Design for eibniz’s binary medallion, in Johann Bernard Wiedeburg’s Dissertatio mathematica de praestantia arithmeticae binaria prae decimali (1718). As well as the words Imago Creationis , the Latin reads ‘From nothing comes one and everything, but the one is necessary’.
Second, Leibniz marvelled at how the binary system chimed with his religious views. He believed that the cosmos was composed of being, or substance, and non-being, or nothingness. The duality was perfectly symbolized by the numbers 1 and 0. In the same way that God creates all beings from the void, all numbers can be written in terms of 1s and 0s. Leibniz’s conviction that binary exemplified a fundamental metaphysical truth was – to his great delight – strengthened when later in life he was shown the I Ching, the ancient Chinese mystical text. The I Ching is a book of divination. It contains 64 different symbols, each of which comes with an accompanying commentary. The reader randomly selects a symbol (traditionally by casting yarrow sticks) and interprets the related text – a little like one might read an astrological chart. Each symbol in the I Ching is a hexagram, which means it is composed of six horizontal lines. The lines are either broken or unbroken, corresponding to a yin or a yang. The 64 hexagrams in the I Ching are the full set of combinations of yins and yangs when taken in groups of six at a time.
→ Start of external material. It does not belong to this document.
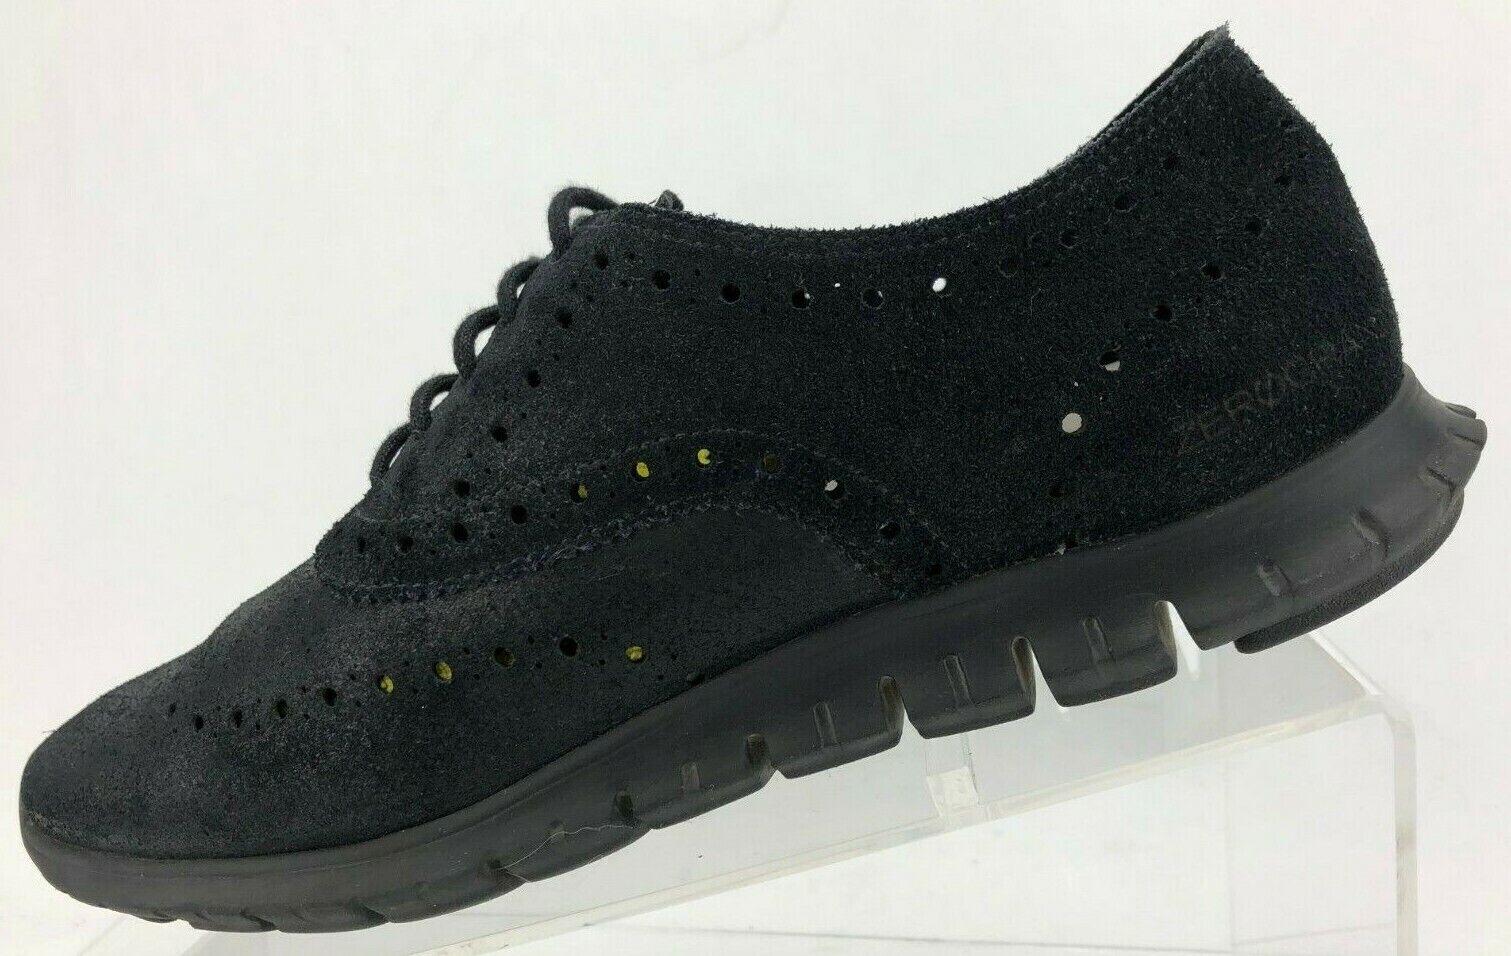 Cole Haan zerogrand punta del ala Oxford Zapatos Con Cordones Comodidad De Gamuza Negra Para Mujer 8 B

A particularly elegant way of ordering the hexagrams is shown opposite. If each yang is written 0 and each yin is 1, then the sequence matches precisely the binary digits from 0 to 63.
This way of ordering is known as the Fu Hsi sequence. (Strictly speaking, it is the inverse of Fu Hsi, but they are mathematically equivalent.) When Leibniz was made aware of the binary nature of Fu Hsi, it gave him ‘a high opinion of [the I Ching’s] profundity’. Since he thought that the binary system mirrored Creation, his discovery that it also underlay Taoist wisdom meant that Eastern mysticism could now be accommodated within his own Western beliefs. ‘The substance of the ancient theology of the Chinese is intact and, purged of additional errors, can be harnessed to the great truths of the Christian religion,’ he wrote.
Part of the Fu Hsi sequence of the I Ching and its binary equivalent.
Leibniz’s panegyrics on base two were a rather eccentric preoccupation of the pre-eminent polymath of his day. Yet in ascribing a fundamental importance to the system, he was more prescient than even he could ever have imagined.